Рынок

«Непременно — рынок…» — было сказано, когда с друзьями обсуждалась программа этого путешествия.

Конечно! Рынок на всех широтах — зеркало экономики, нравов, проблем, обычаев. Тут видишь, что растет на земле, что особенно ценится, с какой приправой из красноречия продается.

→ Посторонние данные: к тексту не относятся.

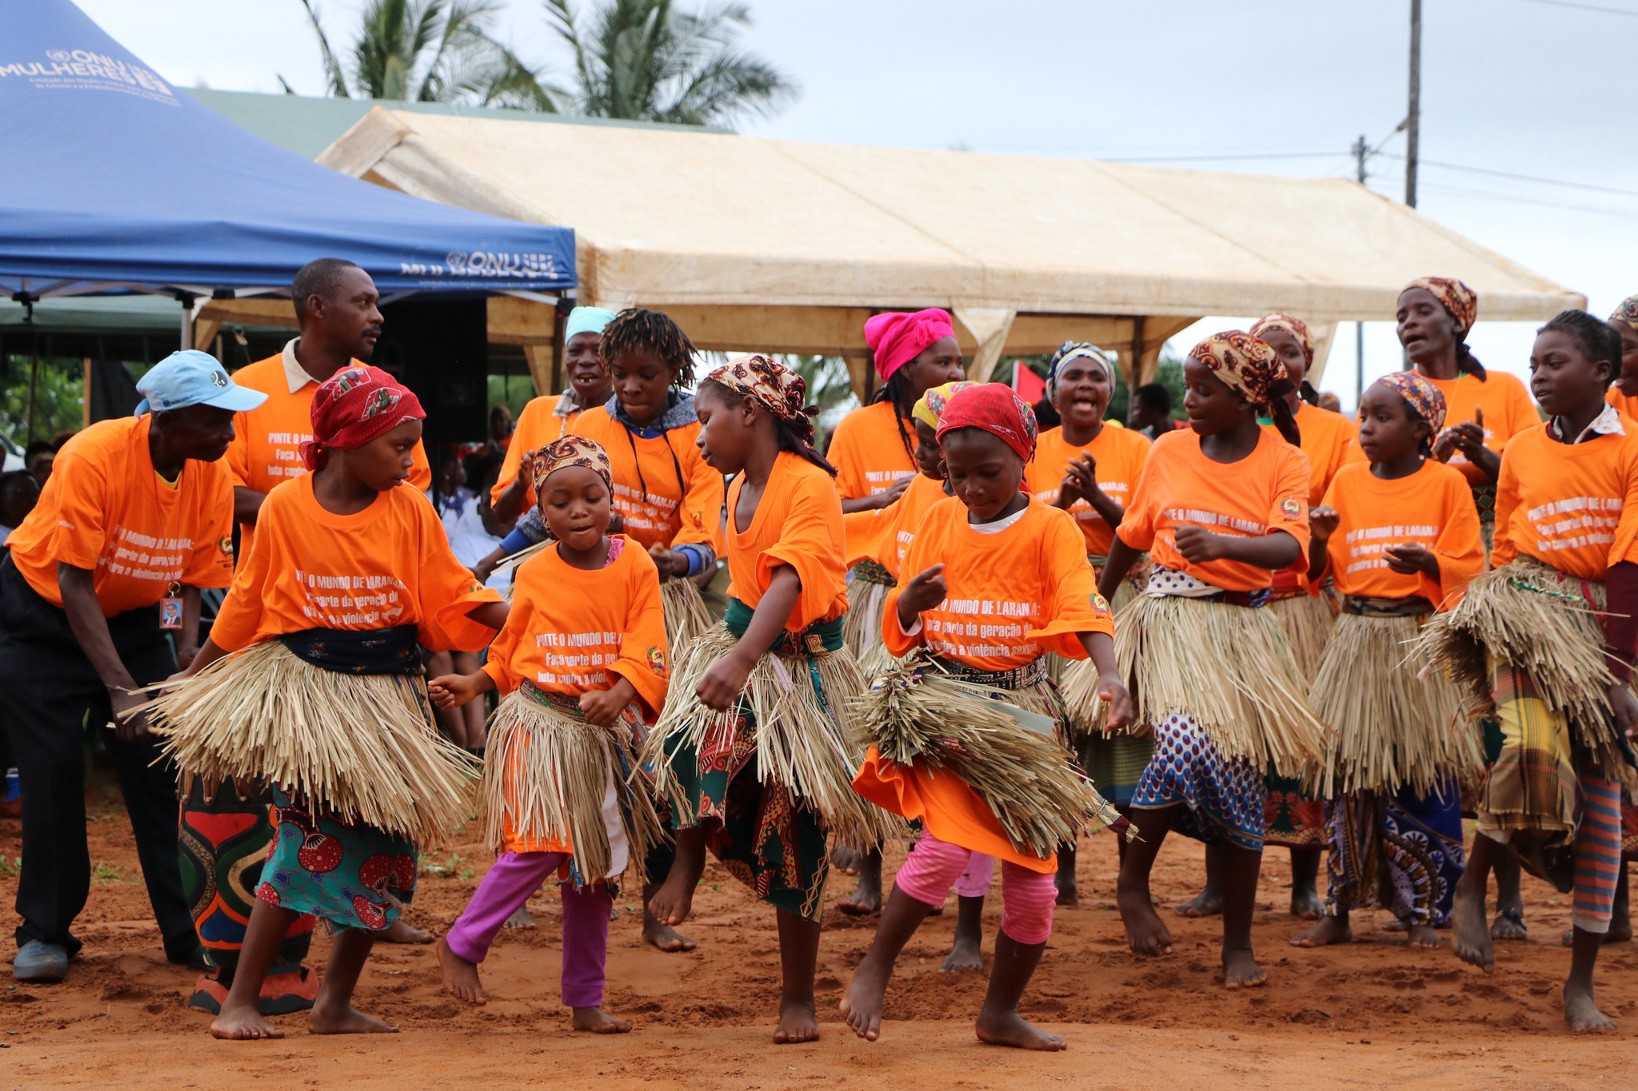 Local cultural group composed of three generations performs dances to open the event. Photo: Leovigildo Nhampule

Лучше всего я знаю Бутырский рынок в Москве — небольшое торговое место, куда дюжие бабы с Савеловской дороги привозят творог, а не менее дюжие мужики в громадных кавказских кепках торгуют петрушкой и помидорами по такой цене, как будто их выращивали на орбитальных космических станциях. Старухи с иконописными лицами стаканами продают тоже недешевую клюкву, чернику. Моя землячка из Черноземья привозит на рынок веники и продает их, воткнув в кипу товара картоночку с надписью: «Лучший пылесос!» Тут я знаю бабку, промышляющую грибами. В один засушливый год, когда грибами в лесах не пахло, она все-таки ухитрялась свое находить. И чтобы не докучали вопросами о цене, укрепила спичкой бумажку: «Один грип — один рупь». Много лет я вижу на рынке старушку грузинку, продающую диковинные съедобные «свечи» — на нитку нанизываются орехи, потом все это макается в виноградный сок, сушится, снова макается. Ценится эта штука, как и грибы, каждая «свечка» — рубль. Но покупают — из любопытства или в гостинец ребенку. Пробовал — вкус на любителя, но по добротности — пища для космонавтов и ходоков к полюсу. Старушка продает эти «свечи» уже лет двадцать… В последнее время на рынках столицы заметны отрадные перемены. И хочется верить, это коснется не только Москвы.

Поразил меня, помню, базар в Хиве. Горы из дынь. Лепешки, испеченные в глиняной печке — тандыре, всякие южные сладости, кипящее масло в громадном котле, куда кидали живую рыбу…

Помню рынок в поселке Ключи на Камчатке. На деревянном прилавке продавался единственный дар этой земли — пучки морковки…

Помню рыбный базар в Ростове. Его помнят все, кто постарше. Удивительный был базар. Исчез по причине исчезновения рыбы…

В позапрошлом году в ФРГ видел я знаменитые «блошиные рынки», на которых продается старье. ФРГ — государство не бедное. Однако расчетливый немец не спешит выкидывать на помойку послужившие, но еще годные вещи. Цена — по согласию. Часто она символическая, главное, что кому-то вещь еще может служить. Такие рынки — «толкучки» — у нас тоже были. Их родила военная и послевоенная бедность. Не призываю к этому возвратиться. И все же больно смотреть, как много уже послуживших, но еще годных для жизни вещей безжалостно мы выкидываем. Это не от богатства — от неумения быть бережливым…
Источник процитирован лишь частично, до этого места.